Answer to Question #197375 in Differential Equations for fhumulani raphunga

Let us solve the differential equation "(D^2-2D+3)y=x^2-1". For this let us solve the characteristic equation of the homogeneous equation "(D^2-2D+3)y=0":

"k^2-2k+3=0"

"(k-1)^2+2=0"

"(k-1)^2=-2"

"k_1=1+i\\sqrt{2}" and "k_2=1-i\\sqrt{2}."

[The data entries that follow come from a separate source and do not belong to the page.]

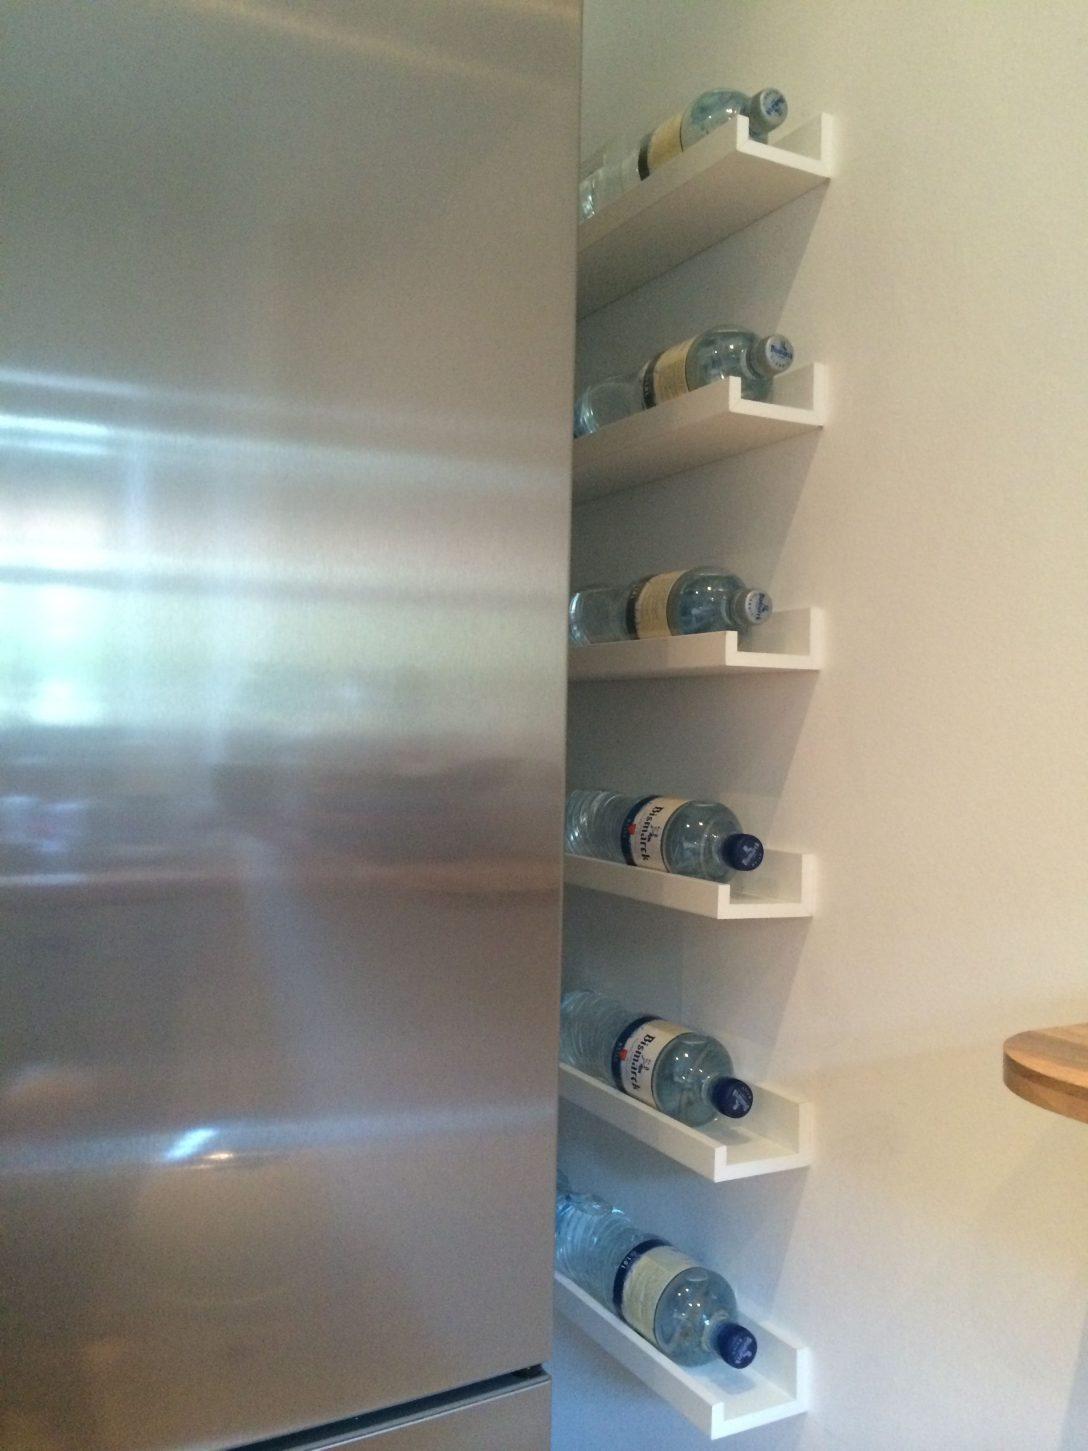 Large Size of Flaschenregal Ikea Kche Bild Leiste Wandtatoo Küche Landhausküche Gebraucht Nobilia Deko Für Kaufen Müllschrank Was Kostet Eine Gewinnen Beistelltisch Wohnzimmer Ikea Wandregal Küche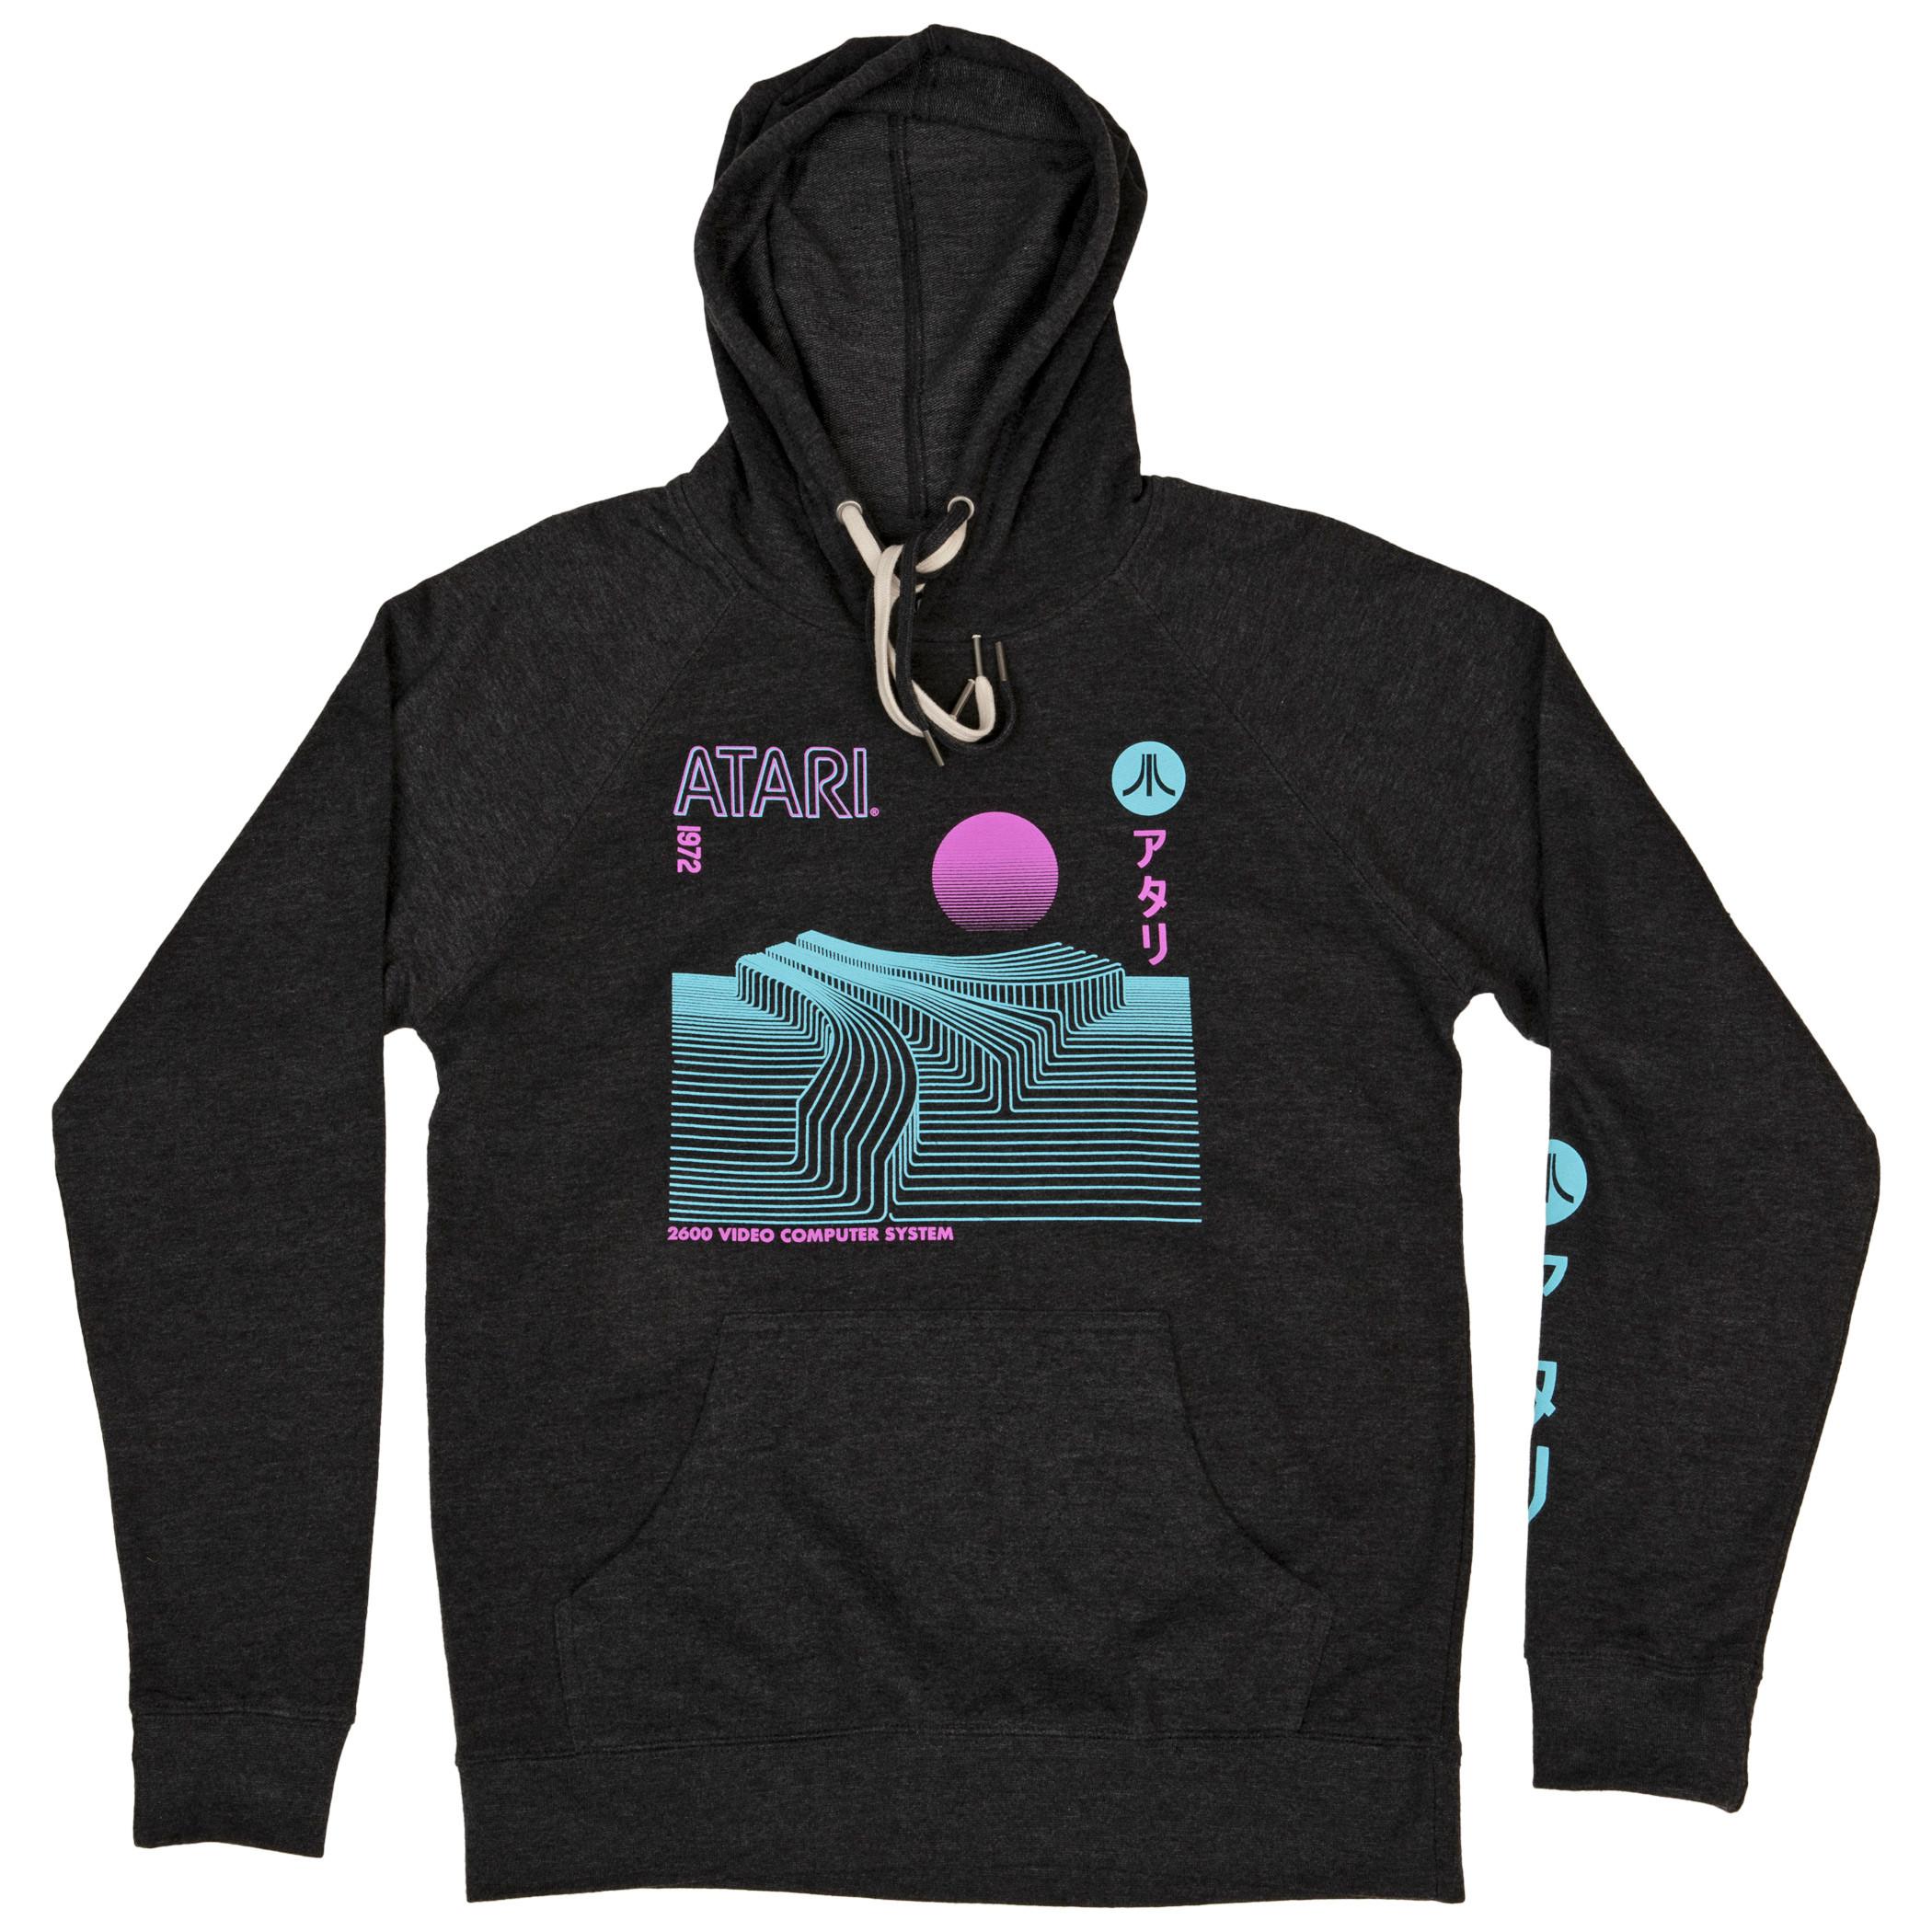 Atari Sleeve Print Hoodie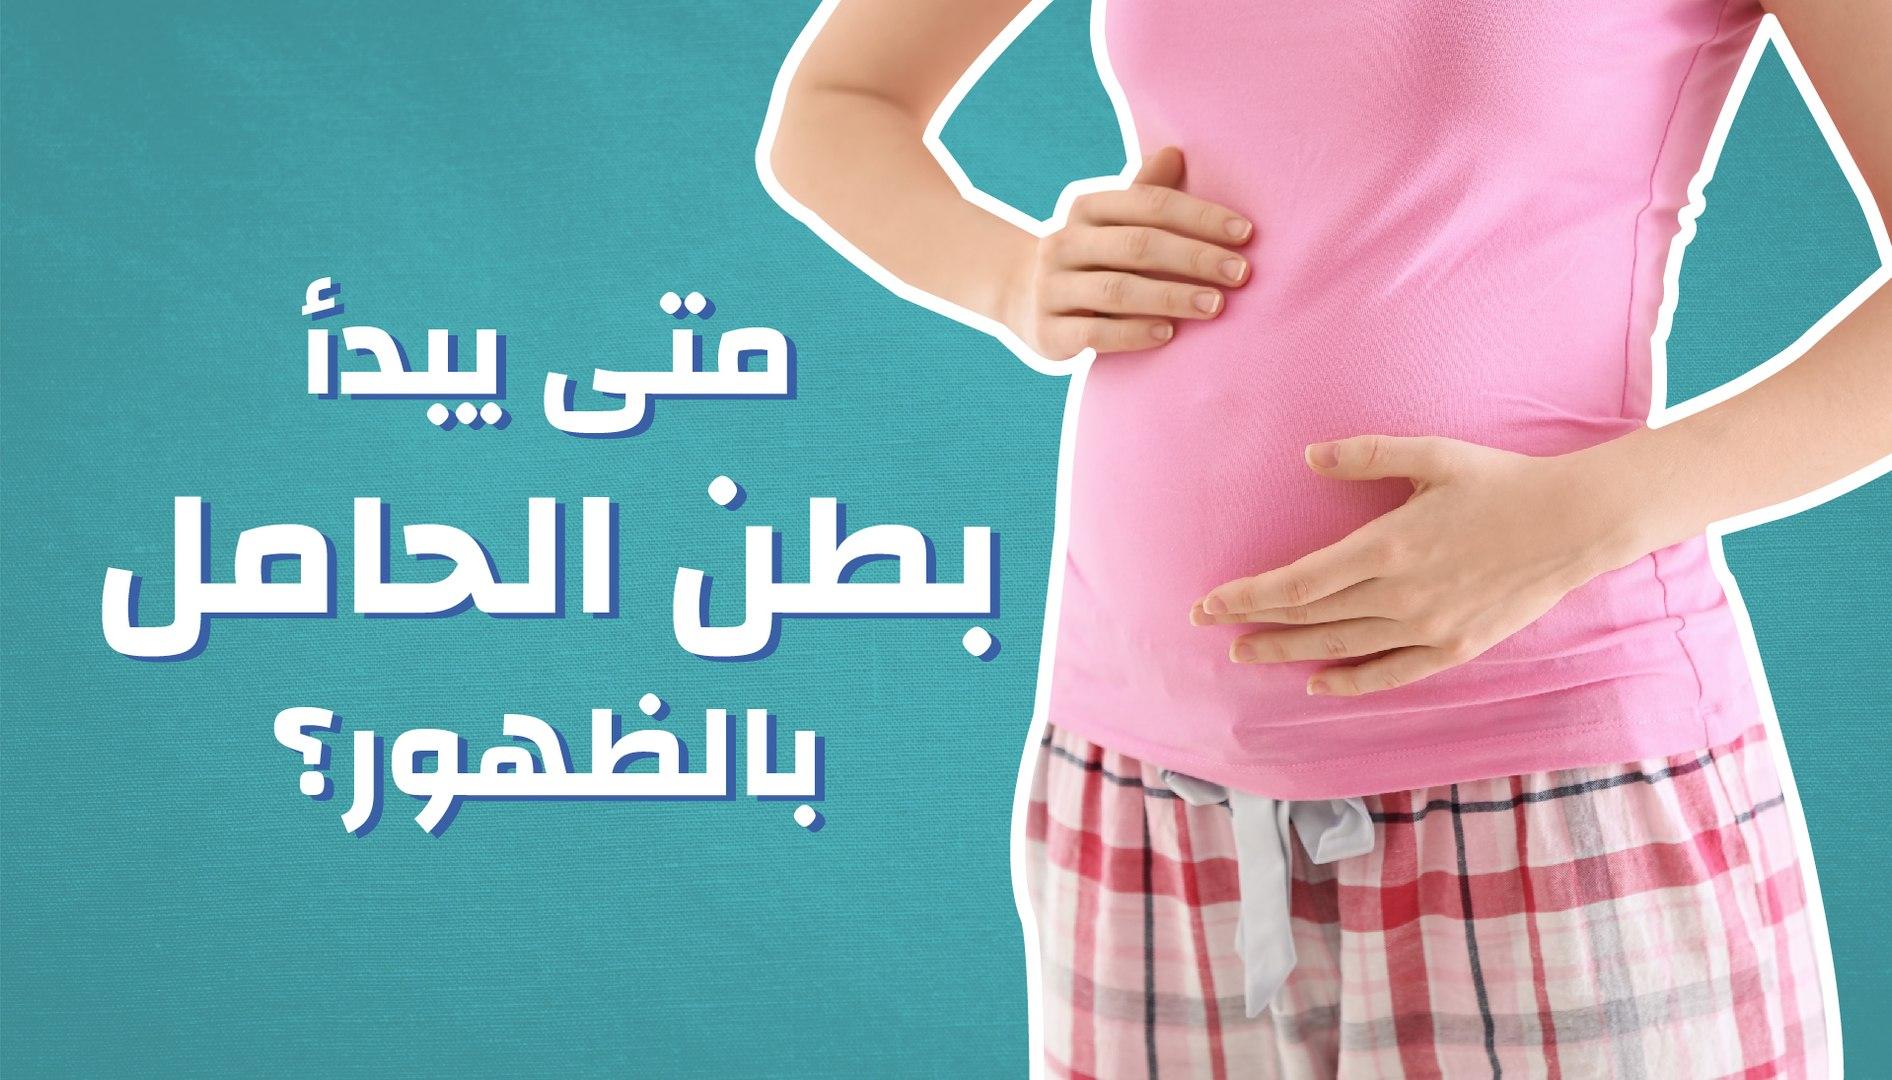 متى يبدأ بطن الحامل بالظهور فيديو Dailymotion

It follows that the general solution of the equation "(D^2-2D+3)y=x^2-1" is of the form "y=e^x(C_1\\cos(\\sqrt{2}x)+ C_2\\sin(\\sqrt{2}x))+y_p," where "y_p=Ax^2+Bx+C." It follows that "y_p'=2Ax+B" and "y_p''=2A." Therefore, "2A-2(2Ax+B)+3(Ax^2+Bx+C)=x^2-1." We conclude that "3Ax^2+(3B-4A)x+(2A-2B+3C)=x^2-1." Consequently, "3A=1,\\ 3B-4A=0,\\ 2A-2B+3C=-1." It follows that "A=\\frac{1}{3},\\ B=\\frac{4}{9},\\ C=\\frac{1}{3}(-1-\\frac{2}{3}+\\frac{8}{9})=-\\frac{7}{27}."

We conclude that the general solution of the differential equation "(D^2-2D+3)y=x^2-1" is

"y=e^x(C_1\\cos(\\sqrt{2}x)+ C_2\\sin(\\sqrt{2}x))+\\frac{1}{3}x^2+\\frac{4}{9}x-\\frac{7}{27}."